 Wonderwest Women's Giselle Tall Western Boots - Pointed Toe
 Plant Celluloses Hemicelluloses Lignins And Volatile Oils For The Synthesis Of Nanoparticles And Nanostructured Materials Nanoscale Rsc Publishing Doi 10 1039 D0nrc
---
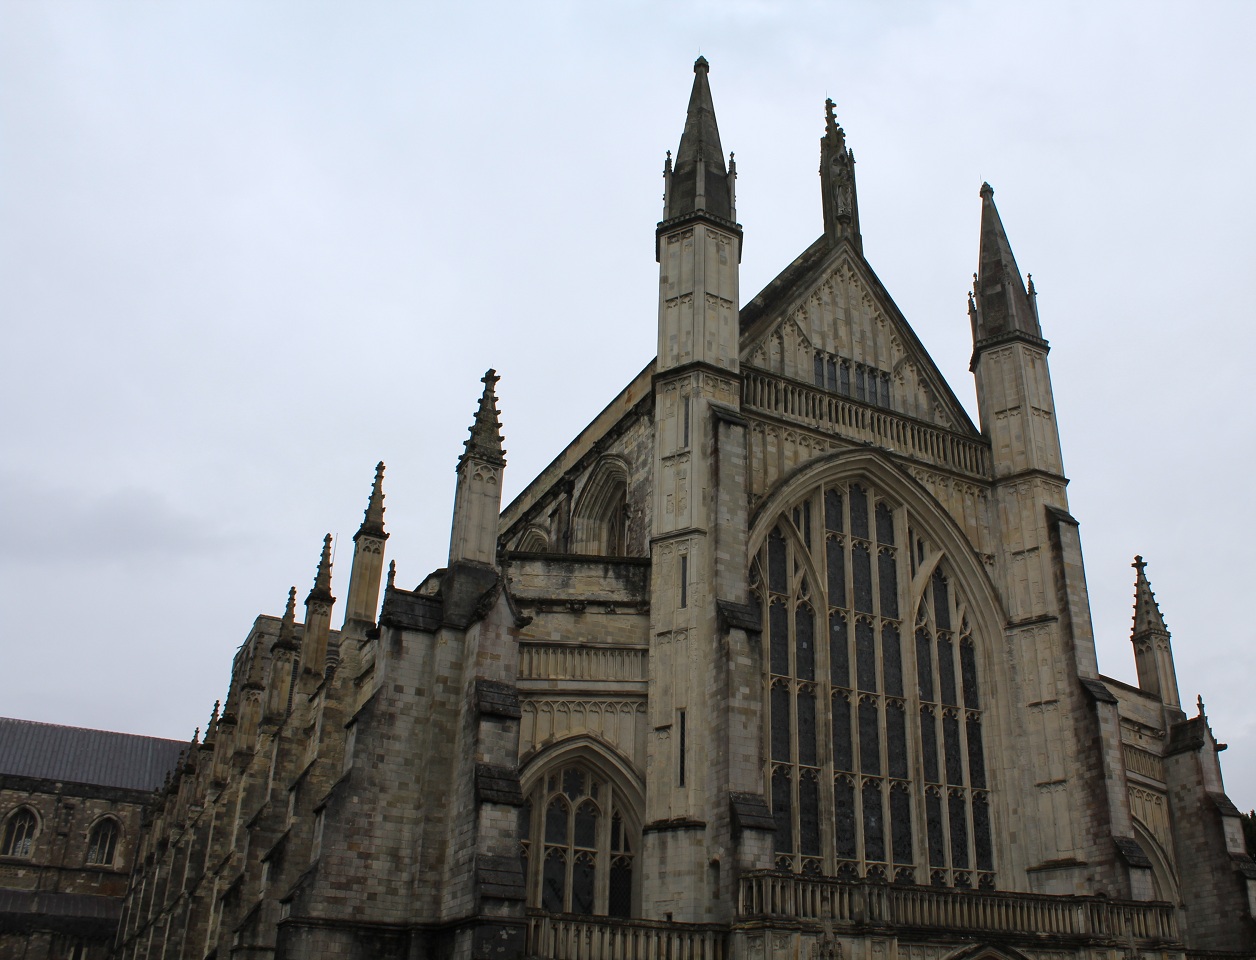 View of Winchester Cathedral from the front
...
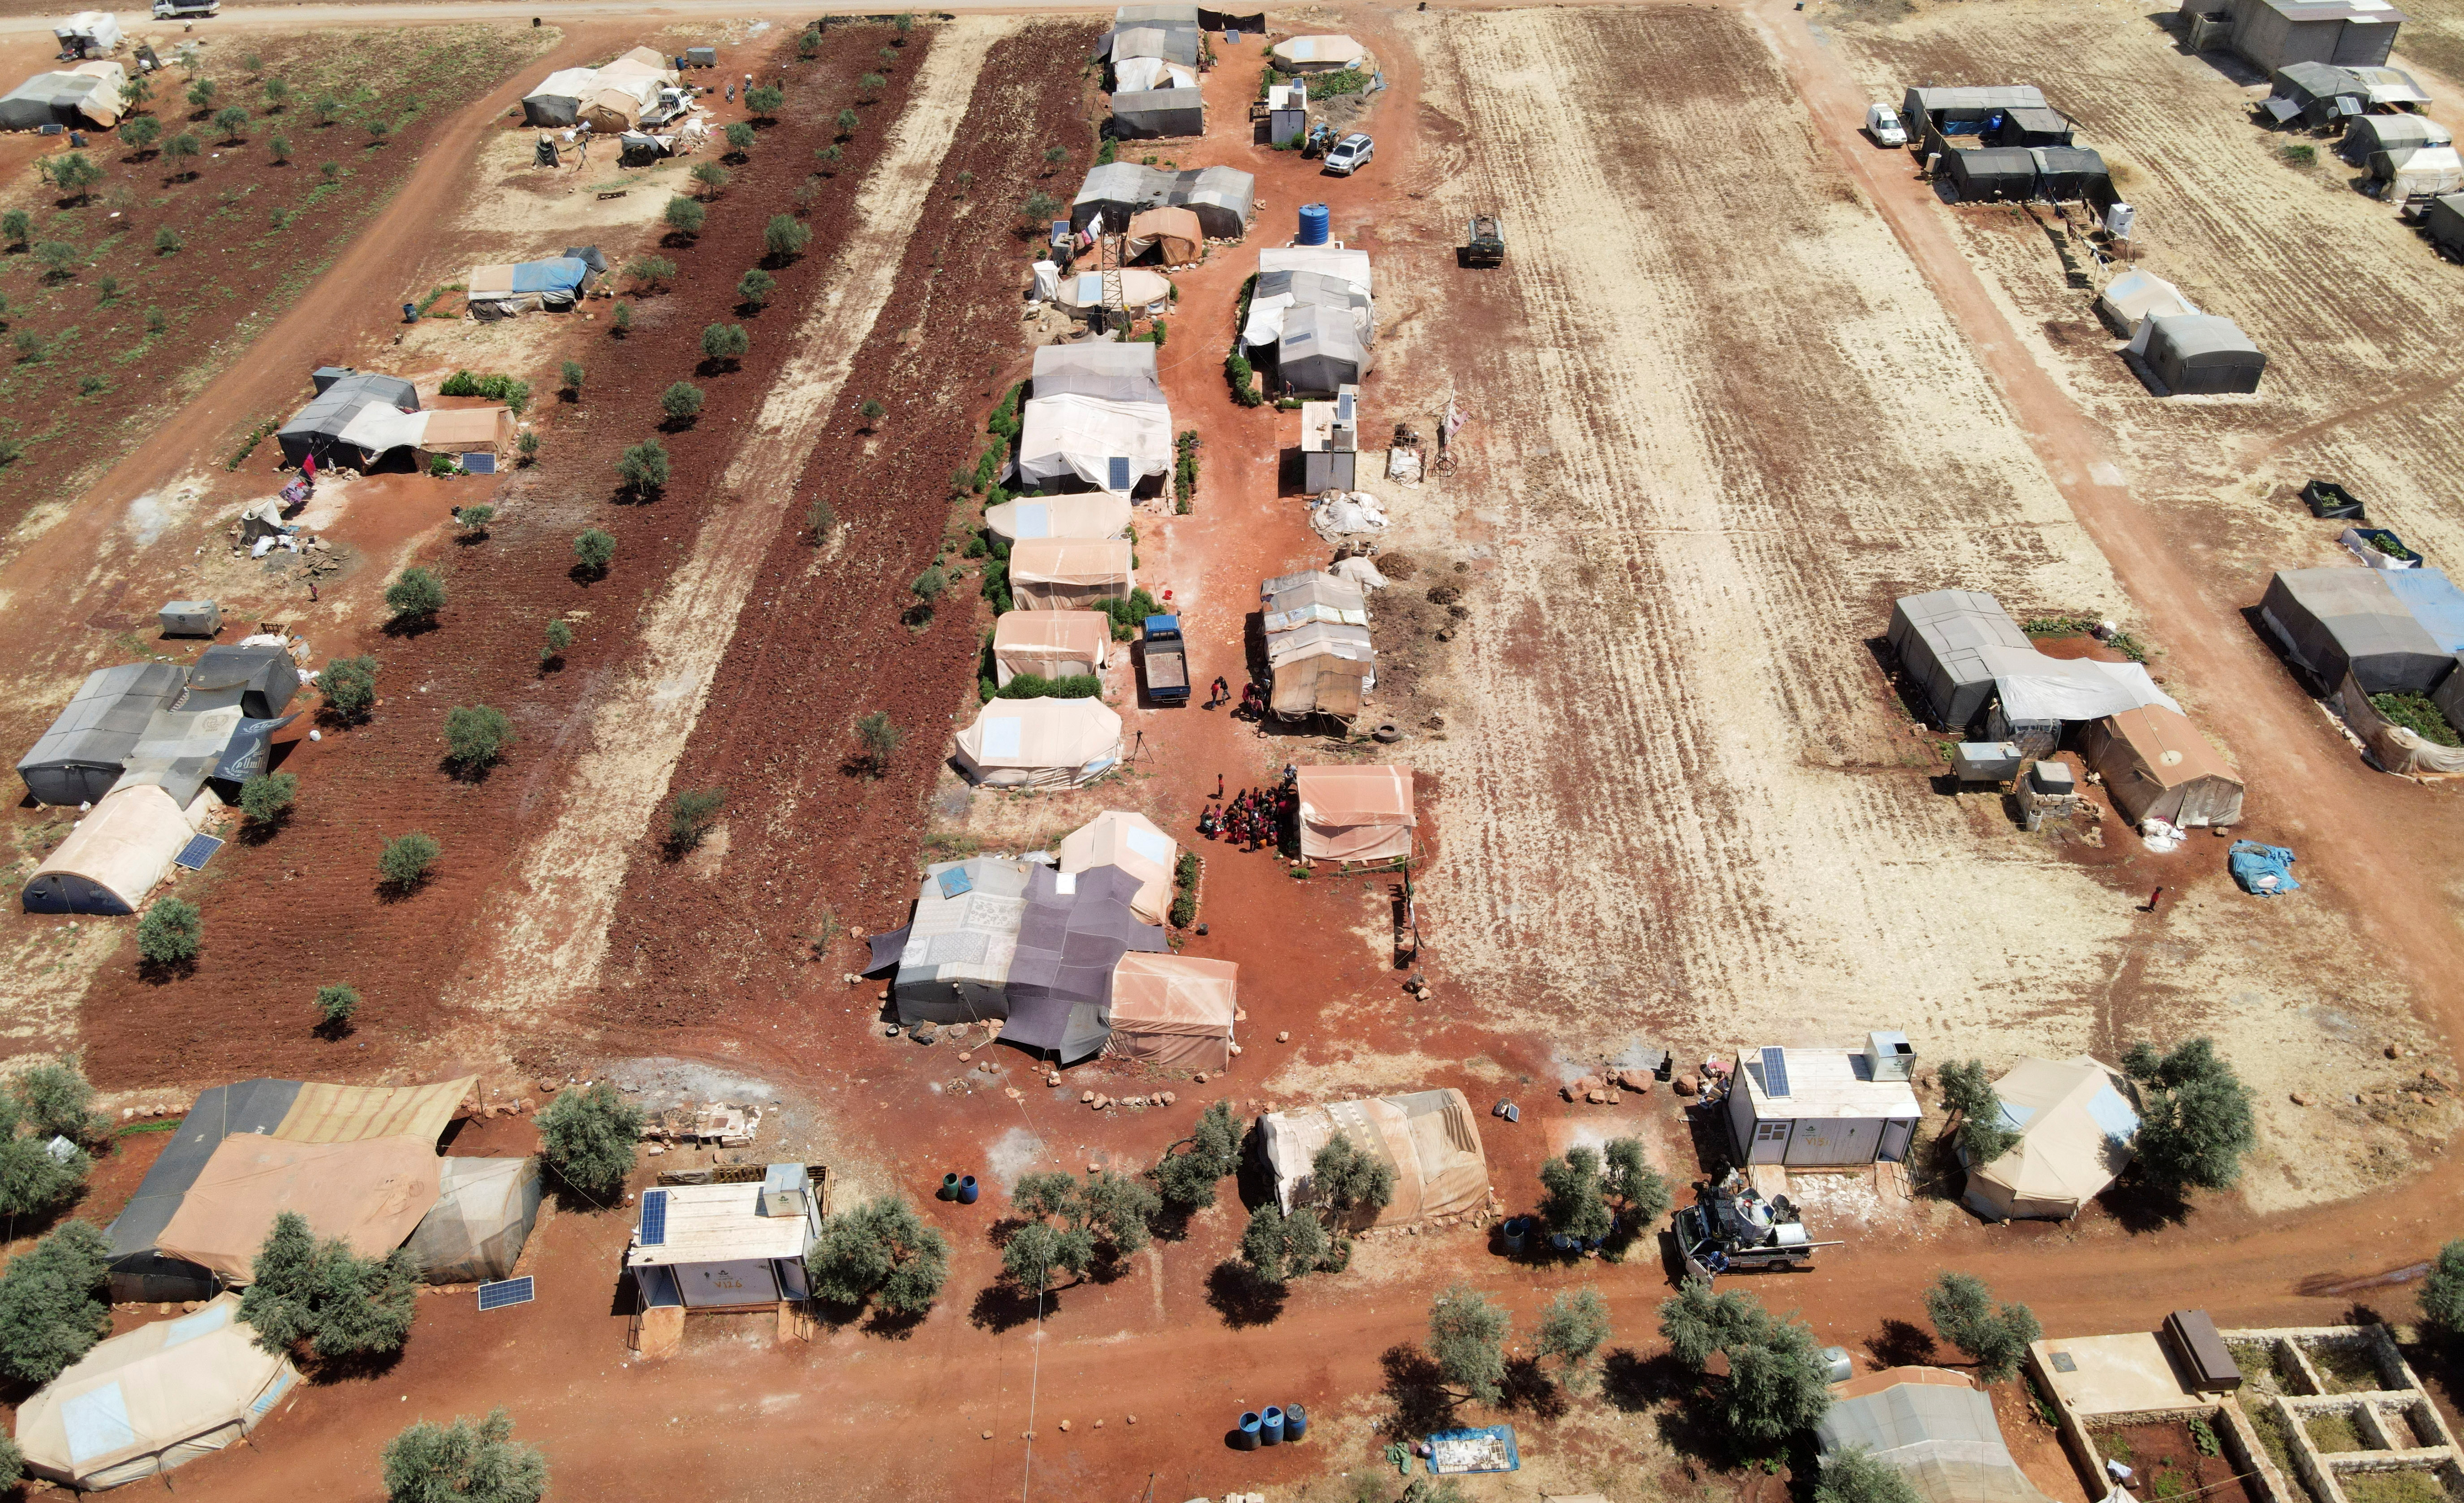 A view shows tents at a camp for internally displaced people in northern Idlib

--- Work instruction ---
The range runs from the line above containing "Wonderwest Women's Giselle" to the line containing "Plant Celluloses Hemicelluloses", inclusive. Restate those lines word for word and no others.

--- Answer to this exercise ---
 Wonderwest Women's Giselle Tall Western Boots - Pointed Toe
 Plant Celluloses Hemicelluloses Lignins And Volatile Oils For The Synthesis Of Nanoparticles And Nanostructured Materials Nanoscale Rsc Publishing Doi 10 1039 D0nrc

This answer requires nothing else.